Ok so been thinking about this more and my theory is that he knew all along that the girl is his but for some reason didnt want the OP to know. The ex doesnt know that the OP doesnt know, so has naturally assumed that he will want his daughter at the wedding. And now he is backed in to a corner. Although that would mean that he has also lied to all of his family about this girls existence.

Yep, sadly I think this is about right

LemondrizzleShark · 03/08/2025 22:15

PyongyangKipperbang · 03/08/2025 21:46

Ok so been thinking about this more and my theory is that he knew all along that the girl is his but for some reason didnt want the OP to know. The ex doesnt know that the OP doesnt know, so has naturally assumed that he will want his daughter at the wedding. And now he is backed in to a corner. Although that would mean that he has also lied to all of his family about this girls existence.

Or his family are well aware she’s his daughter, and he’s spun them some line about OP not accepting his child or something, so they don’t mention anything to her.

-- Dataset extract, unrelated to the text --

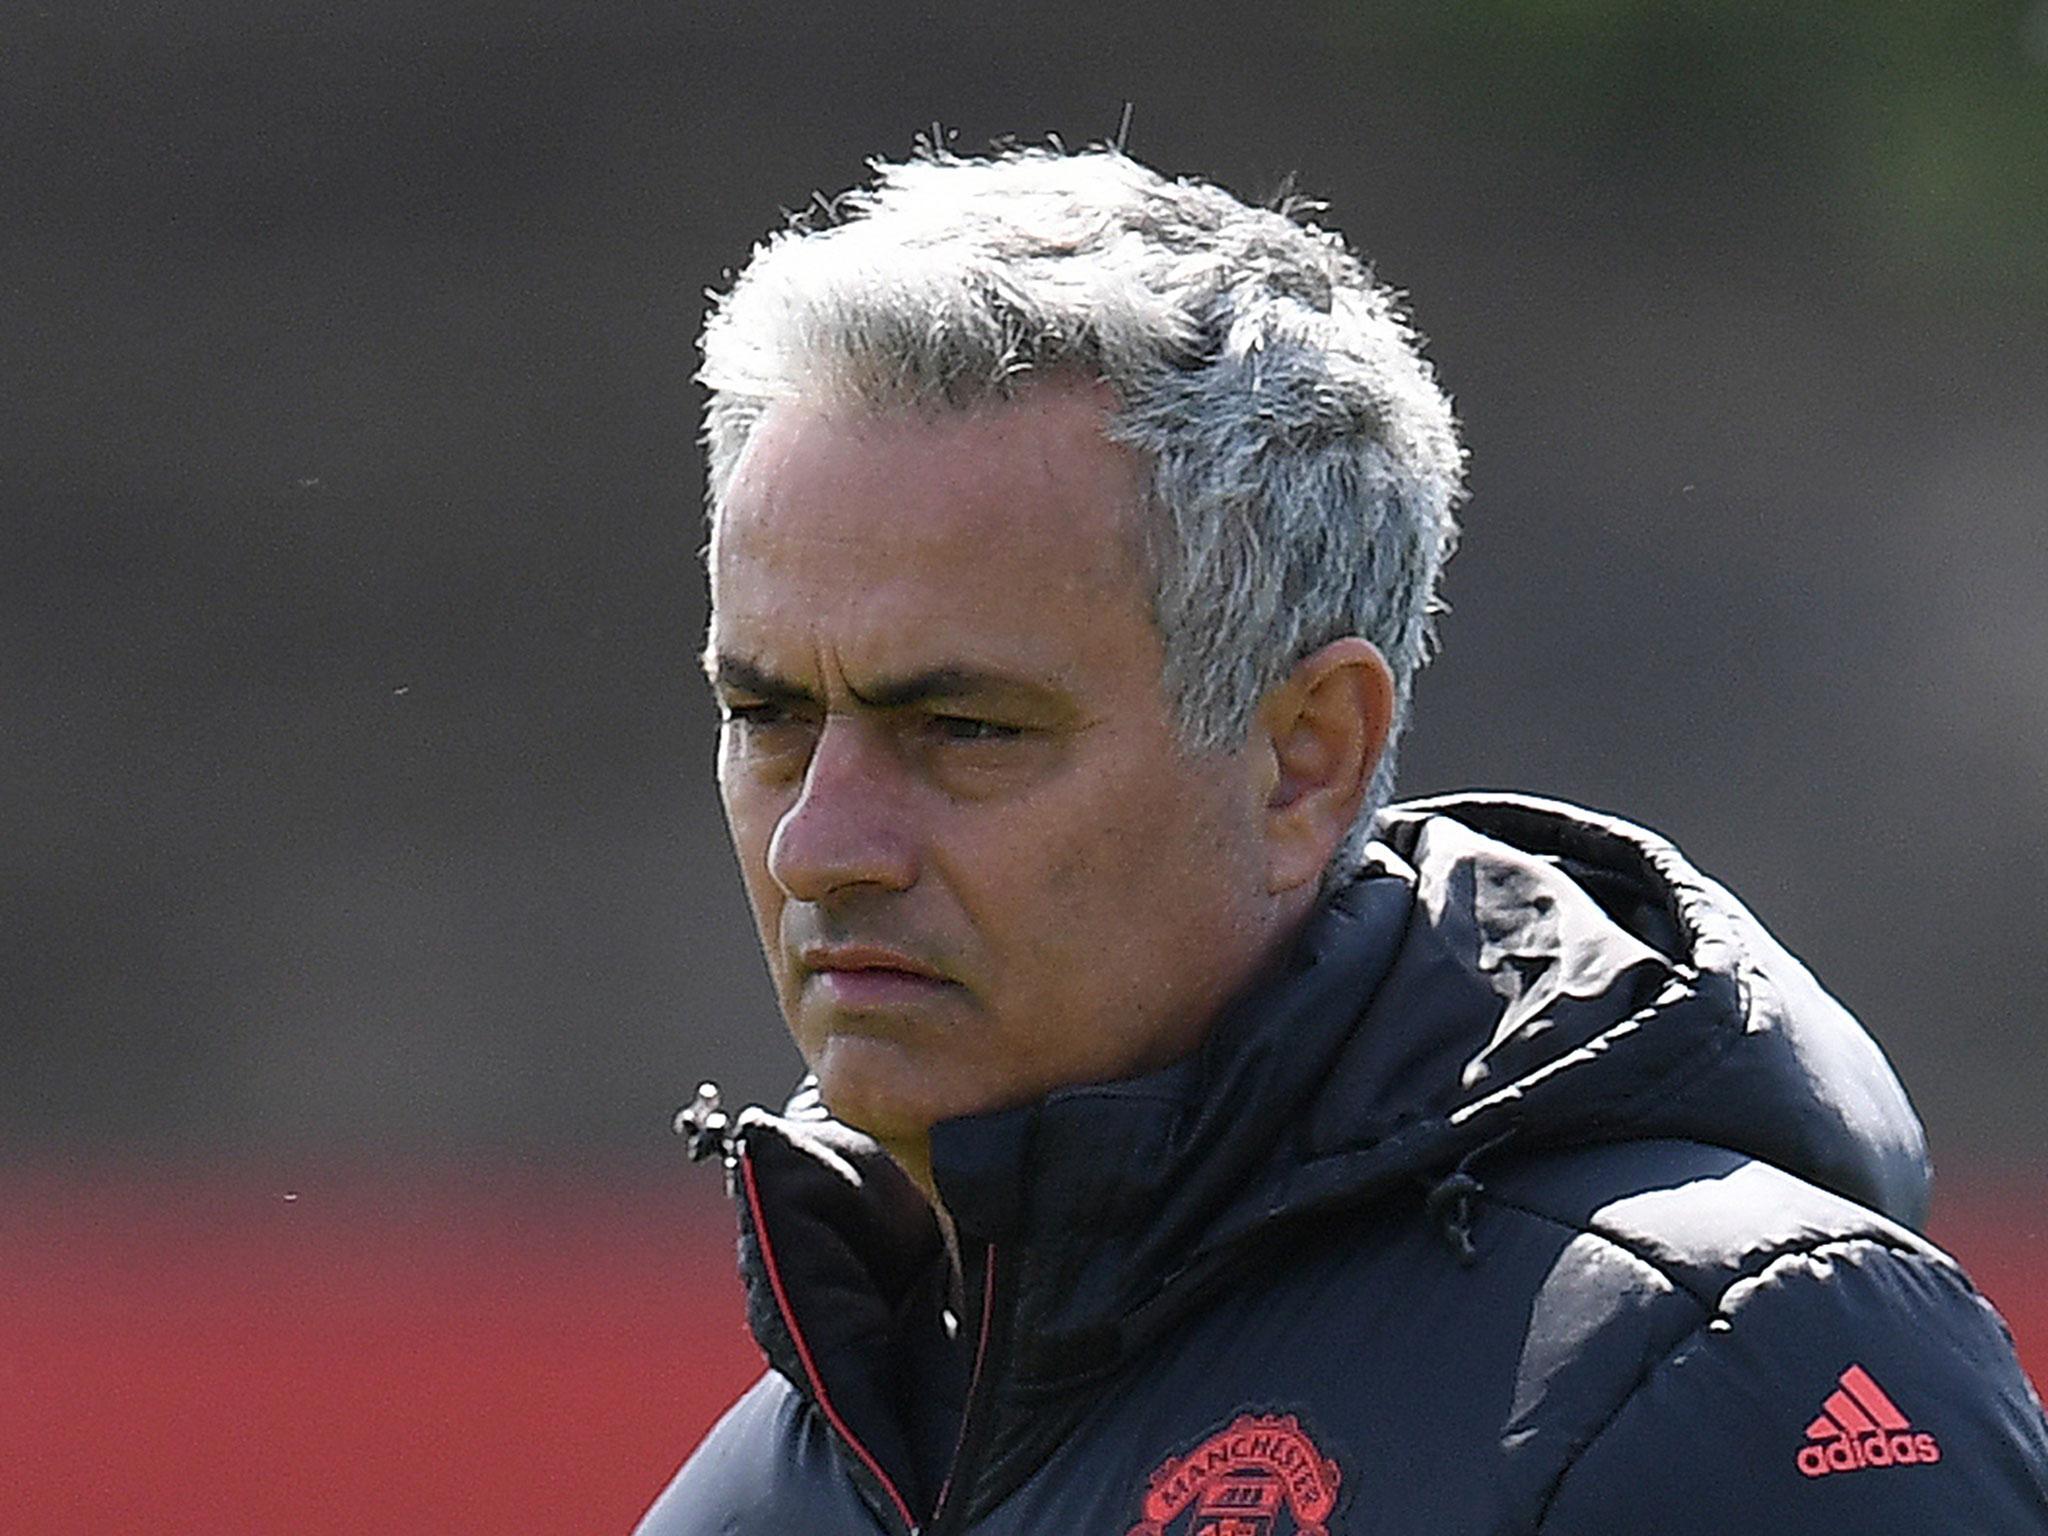 Jose Mourinho and his team will travel to Norway as part of the pre-season tour

If his family have a relationship with the little girl, that would explain why the ex is happy to send an unaccompanied 7 year old to a wedding - she assumes nanny and grandpa will look after her at the reception. And probably they will.

NJC7 · 03/08/2025 22:19

PyongyangKipperbang · 03/08/2025 21:46

Ok so been thinking about this more and my theory is that he knew all along that the girl is his but for some reason didnt want the OP to know. The ex doesnt know that the OP doesnt know, so has naturally assumed that he will want his daughter at the wedding. And now he is backed in to a corner. Although that would mean that he has also lied to all of his family about this girls existence.

Not necessarily, I strongly suspect his family well know about this. It’s not unusual at all for men’s families to lie to the woman they’re dating

MummytoE · 03/08/2025 22:23

Do they look alike op? Is there any time gaps in his week where you think he may have been visiting her?